Readings: Lipscomb, “Historical Authenticity and Interpretative Strategy at Hampton Court” [site]; Dolman and Thurley articles [site]

[Optional] Tues 30 April: 2-4.30pm: Visit to Modern (St Paul’s tube, Central line).

Wed 1 May, 10.30-12.30: Monticello class; 2-4pm: Petrie and Grant Museums, UCL

Reading: Petrie Museum of Egyptian Antiquities brochure [introduction]; Kathryn Sheppard, ‘Flinders Petrie and Eugenics at UCL’, 2010.[site]

Thurs 2 May, 10-12: Stanley Kubrick and David Adjaye exhibitions, (tube: High St Ken, Circle line)

Week 7

Life under Glass: Collecting Nature

Wed 8 May: Day trip - Kew Gardens (11.30am-4pm)

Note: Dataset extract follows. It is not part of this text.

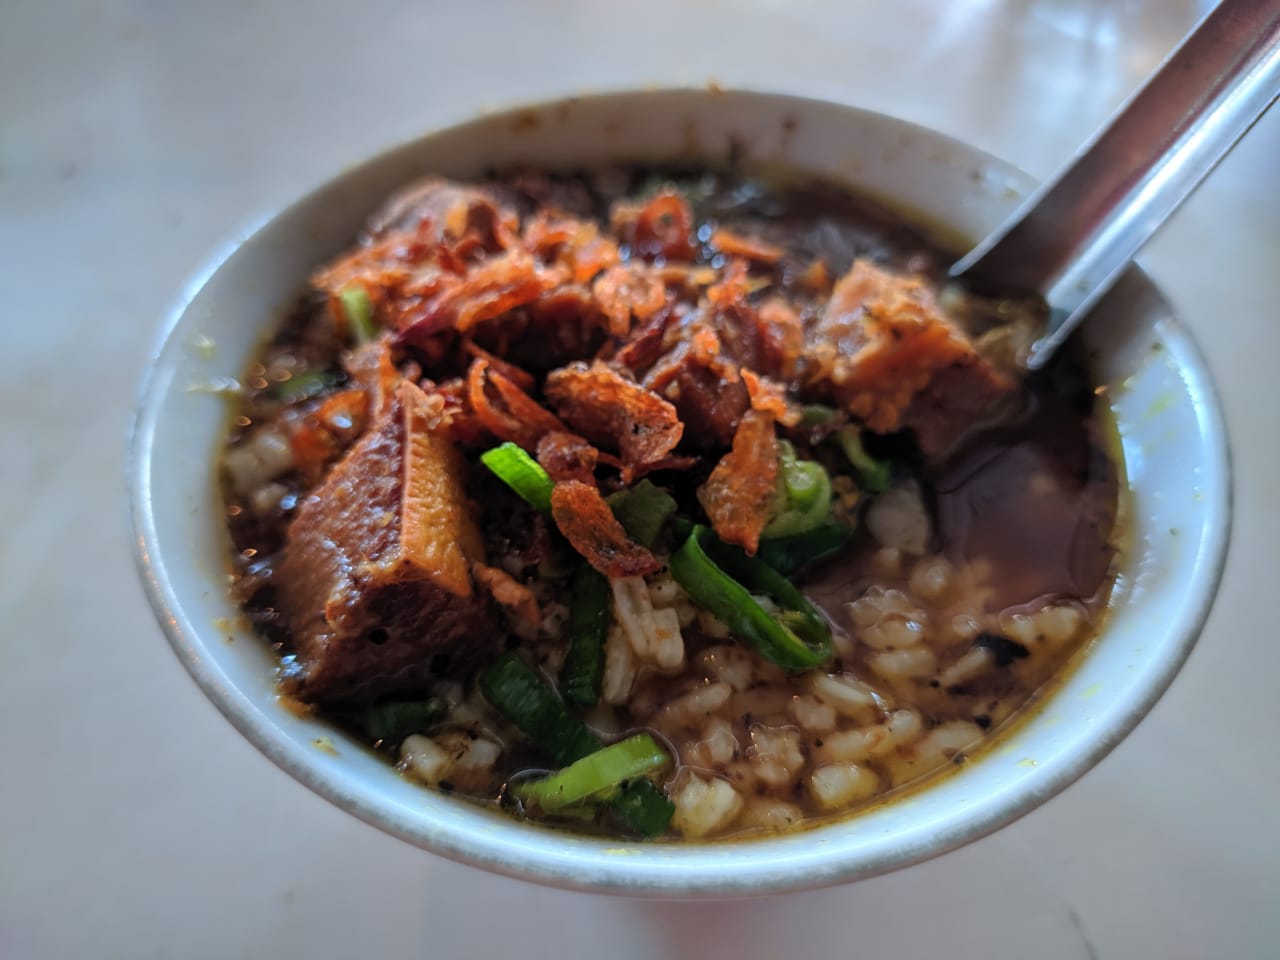 Nasi Grombyang olahan daging sapi atau kerbau berbentuk sup makanan dan kuliner khas Pemalang

How do zoological exhibitions and botanical gardens dramatise our dominion over nature? Is this dominion derived from the Bible, from modern science, or even from male attitudes to a ‘female’ nature? How have empire and globalisation changed our relationship to the natural world? In what ways did gardening become associated with Englishness and Britishness?

Readings: C. Yanni, ‘Divine Display or Secular Science’, 1996; J. Murphy, ‘Environment and Imperialism’, 2009; C. Merchant, ‘Dominion Over Nature’, 1980; Lucile Brockway, ‘Plant Imperialism’ http://www.britishempire.co.uk/science/agriculture/plantimperialism.htm

Thurs 9 May, 10am-12pm: ( tube)

Reivisiting the theme of Empire and Orient/Occident, plus museums of personality – the house of a rich and successful 19th c. artist, the president of the Royal Academy, who created an ‘Arab Hall’.